> [PROVIDED DATA]:
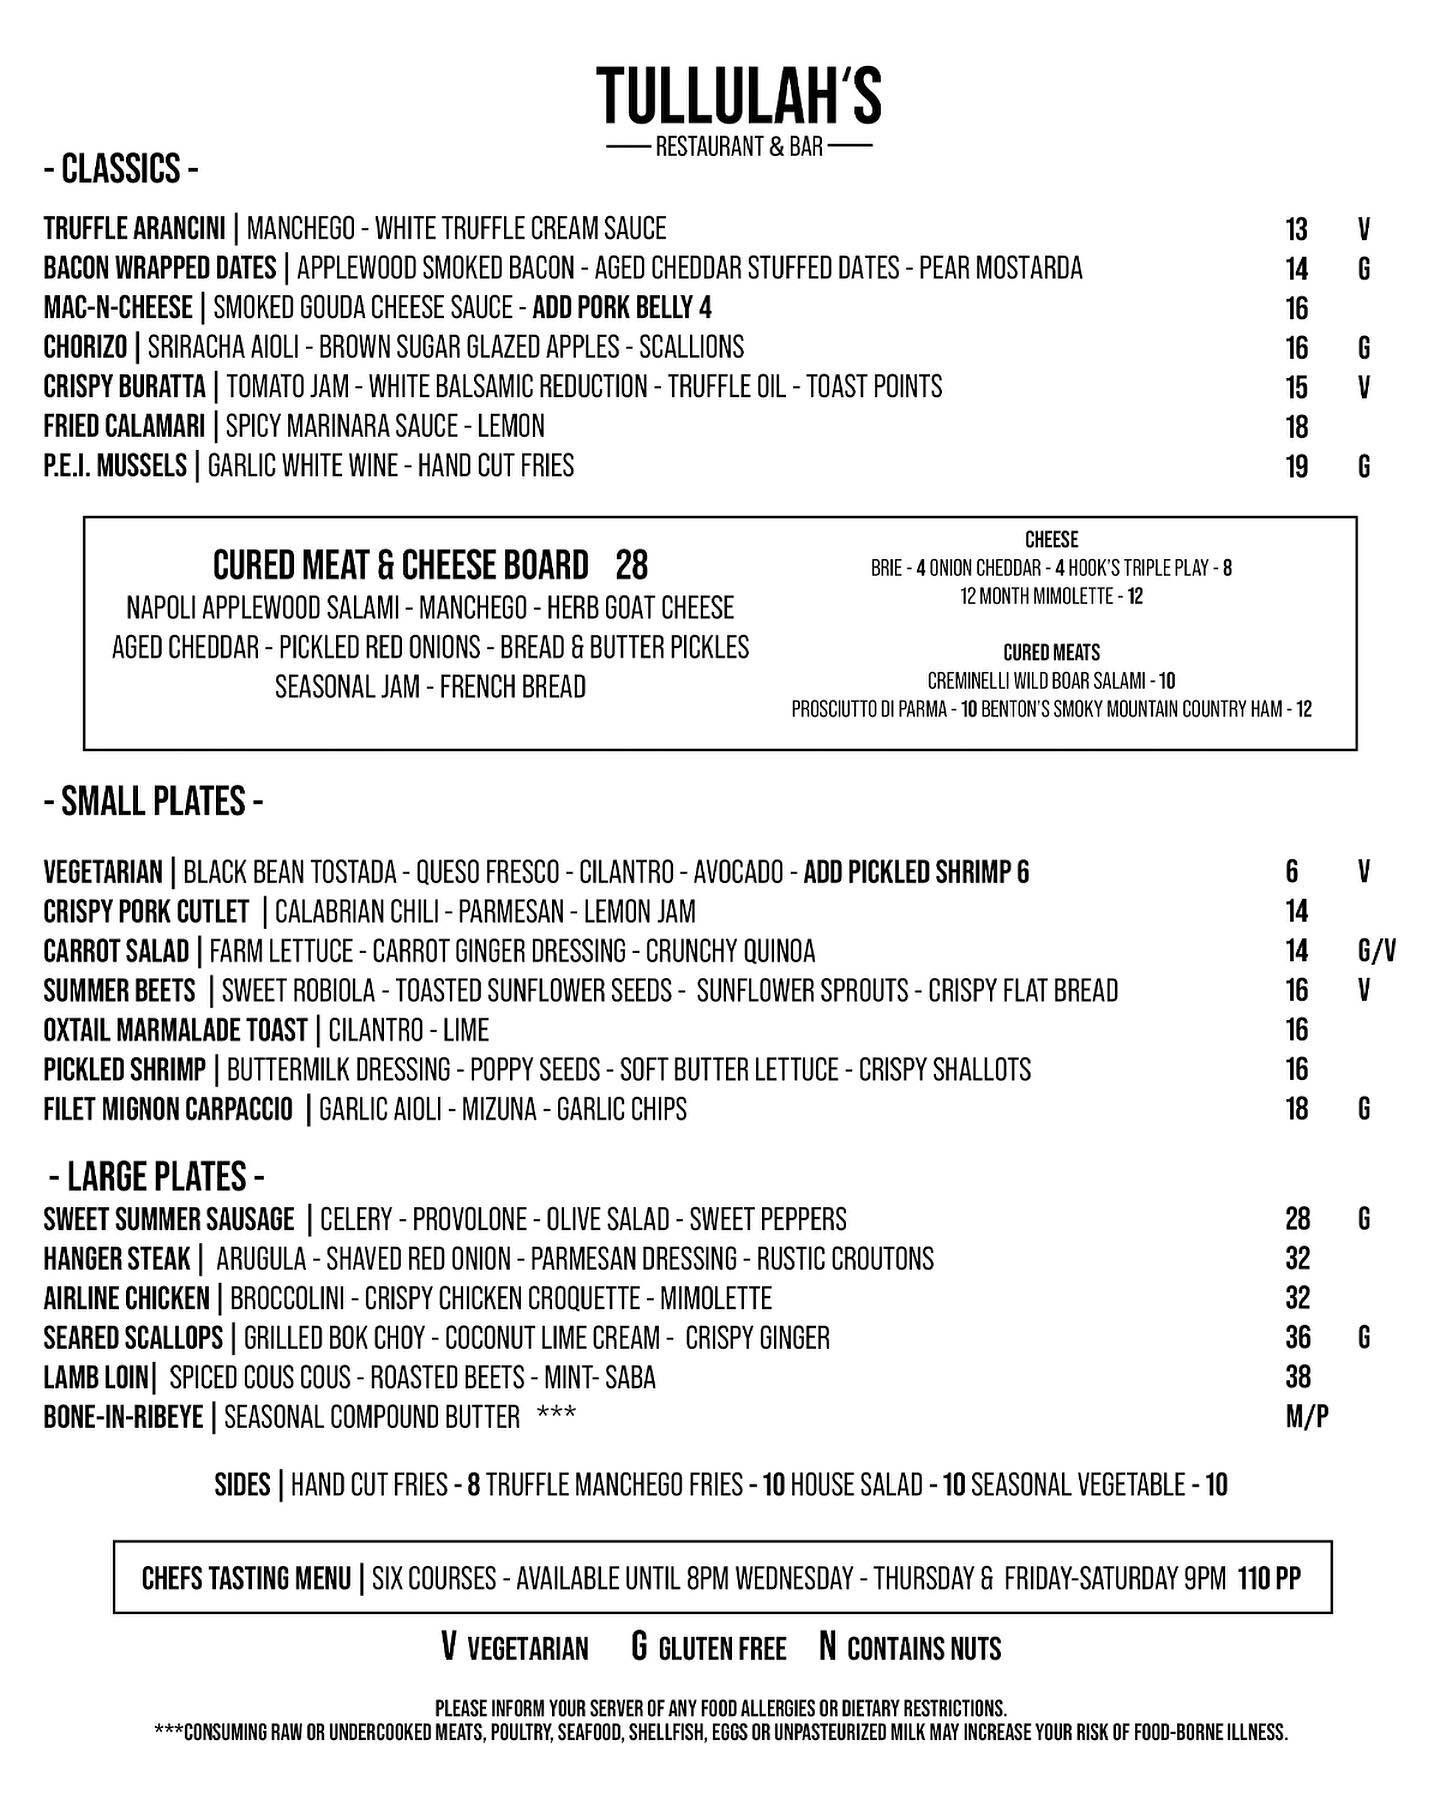 Our Summer Menu is here! Join us for dinner starting at 5 PM. Let us know what your excited to try!
.
.
.
#tullulahs #tullulahsbayshore #bayshore #longisland #newyork #southshoreeats #farmtotable #bayshoresfinest #supportlocal #eatlocal #fernetabouti

> [TASK DESCRIPTION]: Every line above is to be reproduced verbatim, and the pictures are to be omitted.

> [SOLVED PROBLEM]:
 Our Summer Menu is here! Join us for dinner starting at 5 PM. Let us know what your excited to try!
.
.
.
#tullulahs #tullulahsbayshore #bayshore #longisland #newyork #southshoreeats #farmtotable #bayshoresfinest #supportlocal #eatlocal #fernetabouti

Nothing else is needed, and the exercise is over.